The Chevrolet Corvette was still in its infancy back in 1957, but the sportster was already making progress in terms of performance with the 6-cylinder being discontinued the year before, followed by the 265 cubic-inch V8 growing to 283 beginning in ’57.  This one’s got a NOM but it’s running and driving, so if you’ve been on the hunt for a C1 that primarily could use some cosmetic touches this 1957 Chevrolette Convertible here on Craigslist might be worth checking out.  It’s located in Rogers, Arkansas, and comes at an asking price of $49,000.  Gunter Kramer, thanks a lot for the heads-up here!

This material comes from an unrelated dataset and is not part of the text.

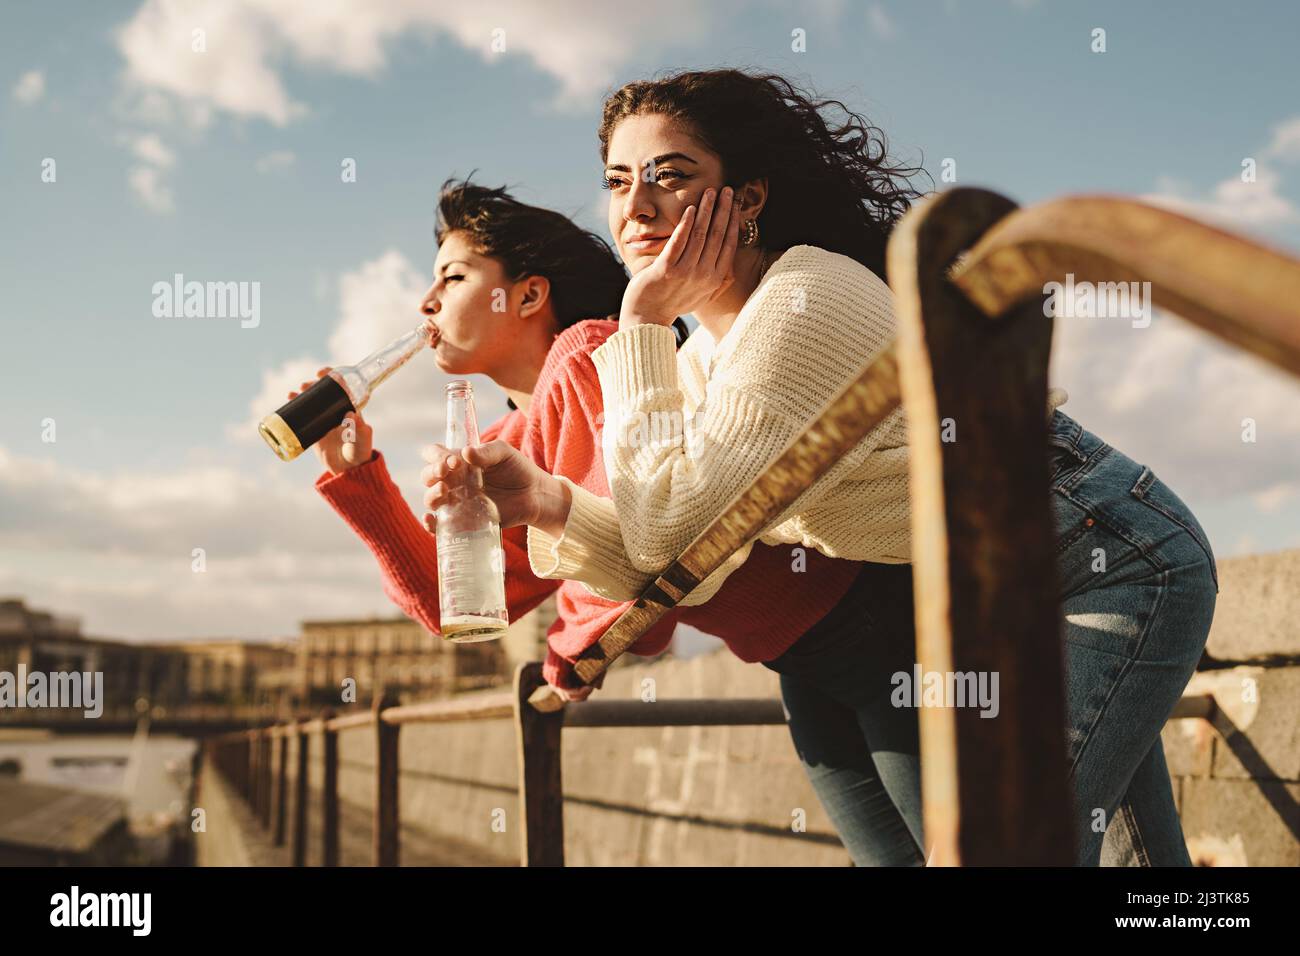 Die besten Freunde trinken Bier im Freien - zwei junge Frauen, die ihre Ellbogen an einem Geländer lehnen, trinken Bier und verbringen unbeschwert ihre Zeit mit entspannten Gesprächen Stockfoto

The seller doesn’t give us any clues as to what 283 variant his Corvette was originally equipped with, but in 1957 horsepower ranged from a minimum of 220 if equipped with a 4-barrel carburetor up to 283 if a buyer opted for the costly fuel-injected topper with a manual transmission, the latter noteworthy for being one of the earliest mass-produced engines to advertise one HP per cubic inch.  Under the hood now is an unspecified 350 with valve covers boasting 250 horses along with a 4-speed, so I’m guessing this one’s fun to drive and has plenty of get-up-and-go power.

Outside, the Venetian Red paint lacks a lot of luster, but except for a small area on the passenger side quarter panel, the body appears reasonably good elsewhere.  It seems like a lack of thoroughly prepping the body before spraying might have been responsible for the paint results ending up only fair, but with some better attention to detail and a re-do, this one would make a fine-looking cruiser. We also get a shot of both sides of the removable hardtop, which doesn’t appear to have any significant issues to report.

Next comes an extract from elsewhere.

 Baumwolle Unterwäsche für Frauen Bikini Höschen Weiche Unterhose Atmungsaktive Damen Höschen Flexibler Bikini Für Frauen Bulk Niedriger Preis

I wouldn’t go so far as to say the interior is perfect, but it seems to be in excellent shape for the most part with the seats, steering wheel, and gauges looking A-OK for a driver.  A glance inside the trunk shows a well-preserved baggage space, and although we don’t get any underside photos the frame is stated to be in very nice shape as well.  This C1 seems to be at a good point already to begin addressing the appearance areas, or maybe even spending a season or two just enjoying being behind the wheel first.  Is $49k a fair price to pay for this 1957 Chevrolet Corvette Convertible?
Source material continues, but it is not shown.